The Department of European Drawings began in 1880 with a gift of over 600 drawings purchased by Cornelius Vanderbilt from James Jackson Jarves. This has been expanded to encompass sheets by Leonardo, Michelangelo, Ingres, and Degas. The Havemeyer bequest in 1929 added drawings by Rembrandt and Daumier. In 1949 Georgia O’Keeffe donated the Alfred Stieglitz Collection, which included 20th-century masters. Stieglitz himself in 1928 presented the museum with its first photographs. These became a component of the now enormous Print Department that had originated with gifts of Whistlers from H. B. Dick in 1916 and Dürers from Junius Spencer Morgan in 1919. Another great bequest of old master prints came from Felix Warburg in 1941.

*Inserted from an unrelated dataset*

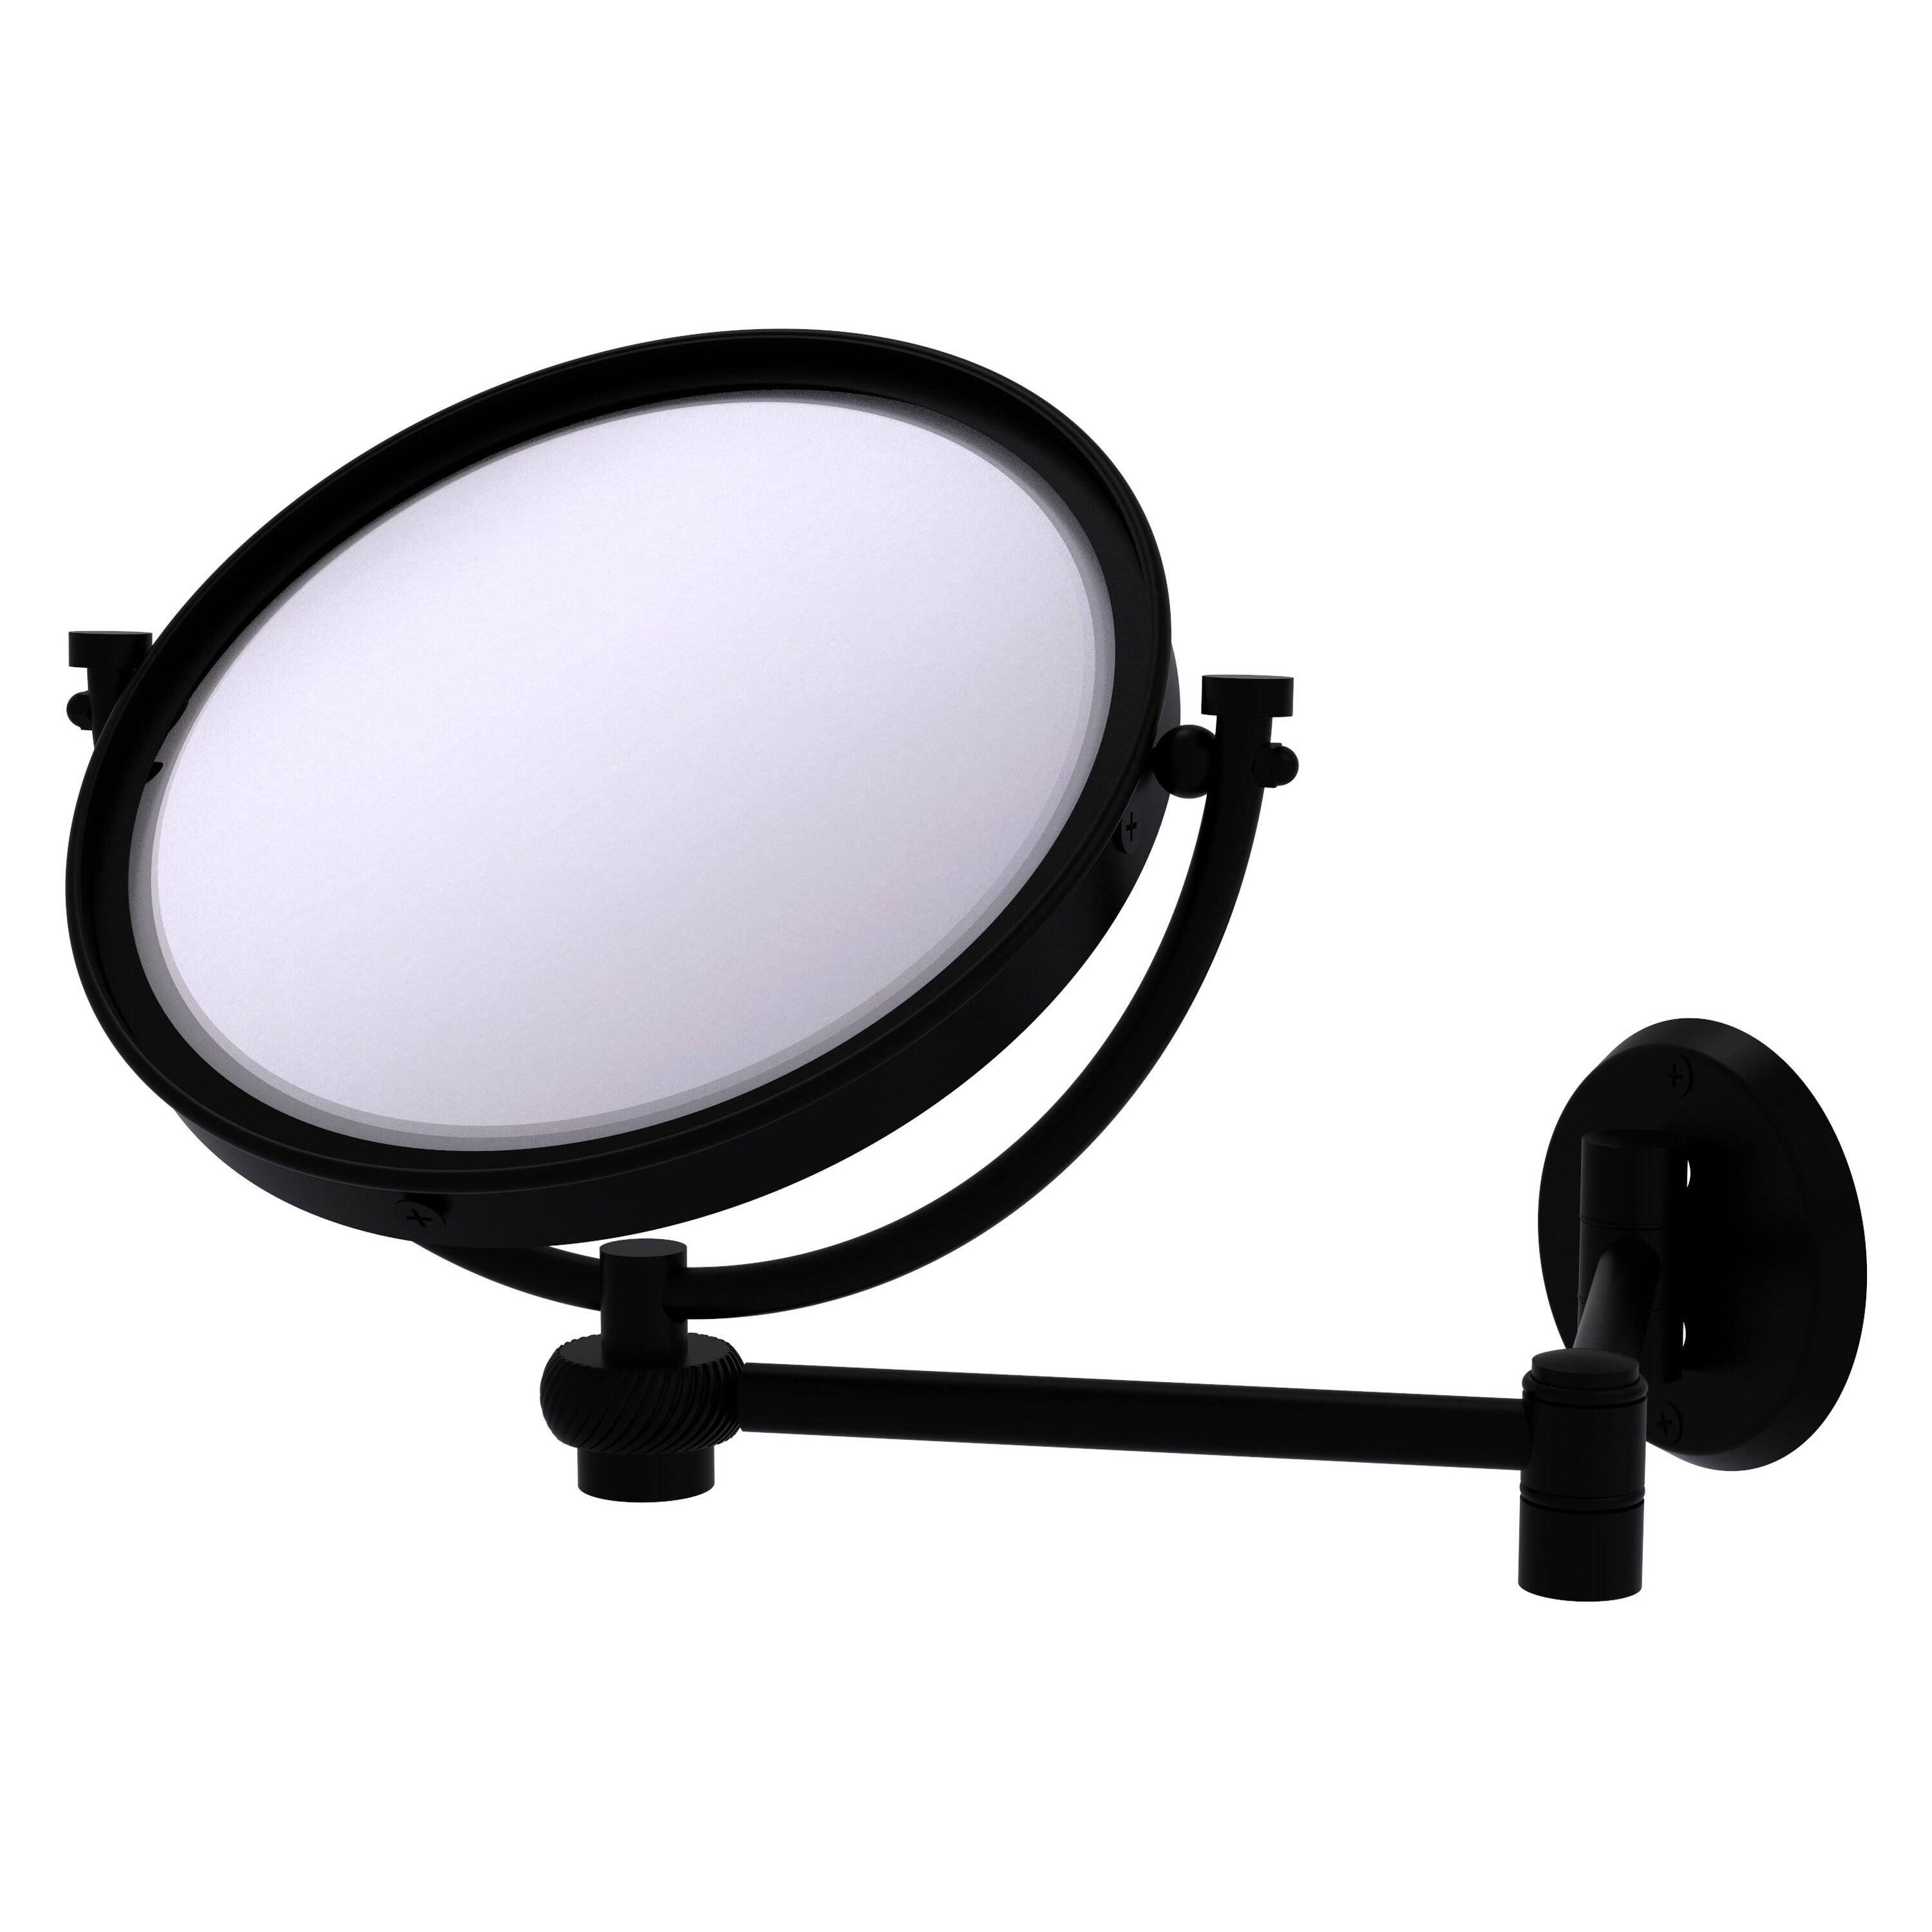 8-in x 10-in Matte Gray Double-sided 3X Magnifying Wall-mounted Vanity Mirror | - Allied Brass WM-6T/3X-BKM

The museum, as befits an institution that had several distinguished painters among its founders, has a very great collection of American painting and sculpture housed in its own wing. Many of the 19th-century’s iconic images such as Leutze’s Washington Crossing the Delaware, Bierstadt’s Rocky Mountains Cole’s Oxbow, Church’s Heart of the Andes, and Homer’s Northeaster were all acquired by 1910. Added later were Sargent’s infamous Mme X, Bingham’s Fur Traders, Martin Heade’s (1819–1904) The Coming Storm, and John White Alexander’s (1856–1915) Repose. Mrs Havemeyer’s 1929 bequest included several examples by her friend Mary Cassatt. The Alfred Stieglitz Collection received in 1949 brought the mid-century masters Demuth, O’Keeffe, Dove, and Hartley. The Department of 20th Century Art was established only in 1967, but grew rapidly. The 1998 bequest of the Gellman Collection from Mexico has added key works by Matisse and Dali. Of the post-war American holdings, the most famous is probably Jackson Pollock’s Autumn Rhythms of 1950, but there are also characteristic works by all the chief painters—Gorky, Rothko, de Kooning, Louis, and Motherwell. The department’s largest work is the French Art Deco mural from the luxury liner The Normandie.